Many people always wonder what exactly is the difference between Universal Life versus Term plans. This is mainly due to a big difference between the premiums payable for both plans. Take for instance, a client who is 50 years old. Premium for a 1 Million USD coverage will cost a one time premium of USD 300K. In a term plan, it will cost the client about USD 10,500 per annum and the client will have to continue paying the premium till age 99 when the coverage ceases.
In this situation, client will be paying a total of $10,500 x 49 = $514,500 versus a upfront one time premium of $300k for a Universal Life plan.
The main differences between the 2 plans are clearly illustrated in the table below.
|Universal Life||Term Plan|
|Premium Outlay||Single Premium||Paid Yearly till coverage ceases|
|Guaranteed Interest||From 2%||NA|
|Maximum Coverage Term||Lifetime||Till Age 99|
All figures quoted are indicative and do not represent quotations from any company.

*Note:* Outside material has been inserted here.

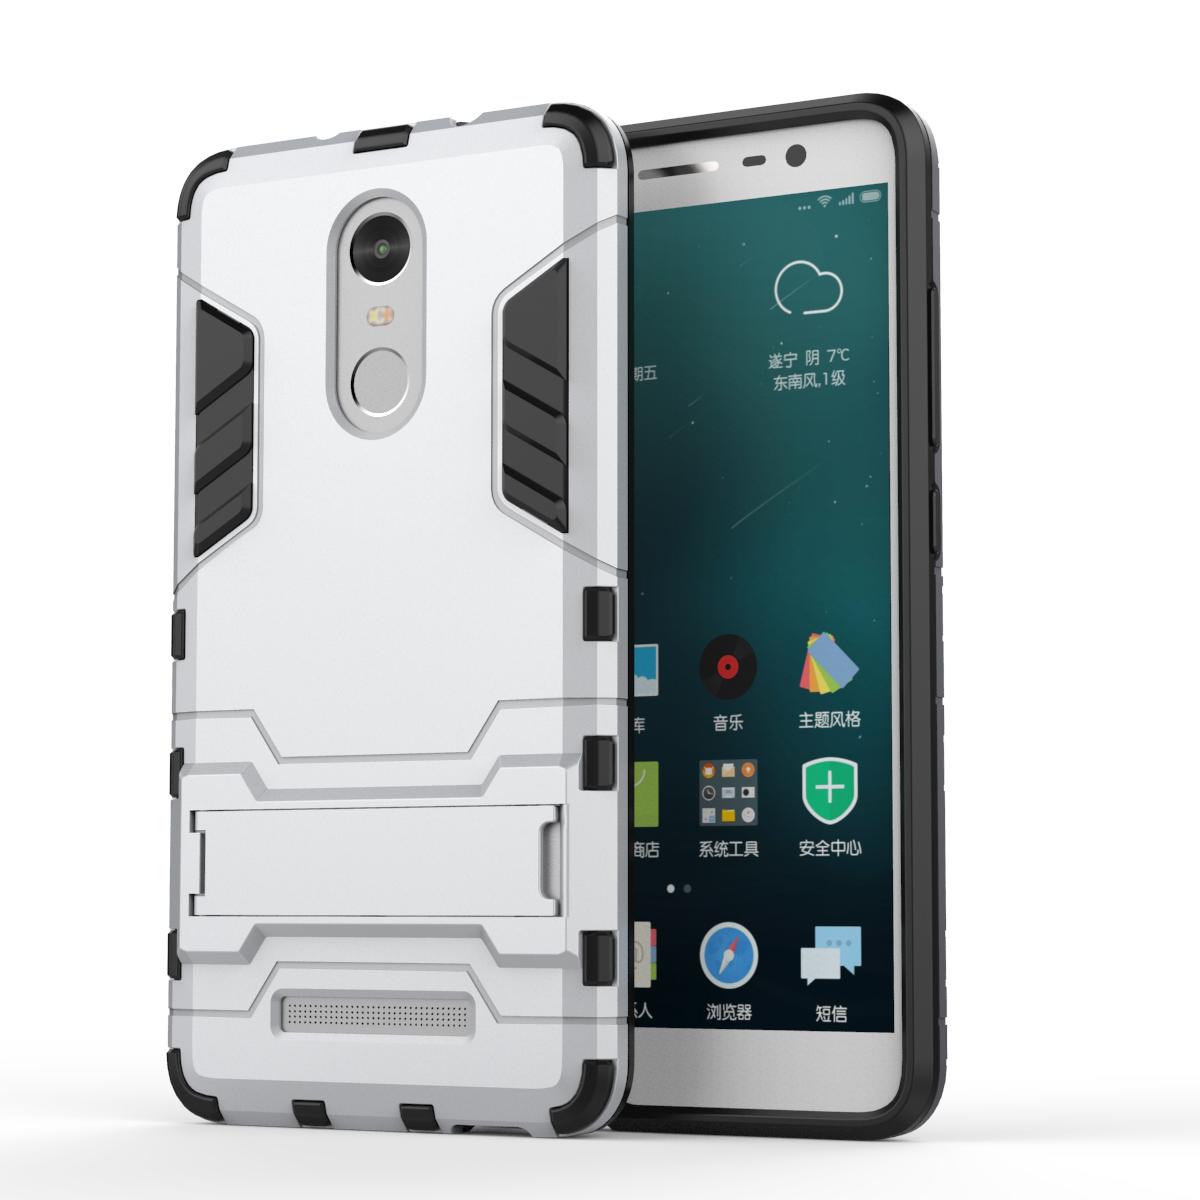 d273b4b3534 Case Xiaomi Redmi Note 3 Pro Cover Rubber Hard Phone Cover for Xiaomi Redmi  Note 3 Pro Case For Xiaomi Redmi Note 3 Pro

In summary, it largely depends on the client’s financial situation and age to determine which is the more appropriate plan. Total premiums outlay will be higher for term plans usually and clients do not get to enjoy any investment benefits along the way. Clients usually prefer Universal Life plans as they are not certain how long, they require the coverage. They also like the flexibility since they are able to retrieve their capital amount paid along the years and use that for their retirement.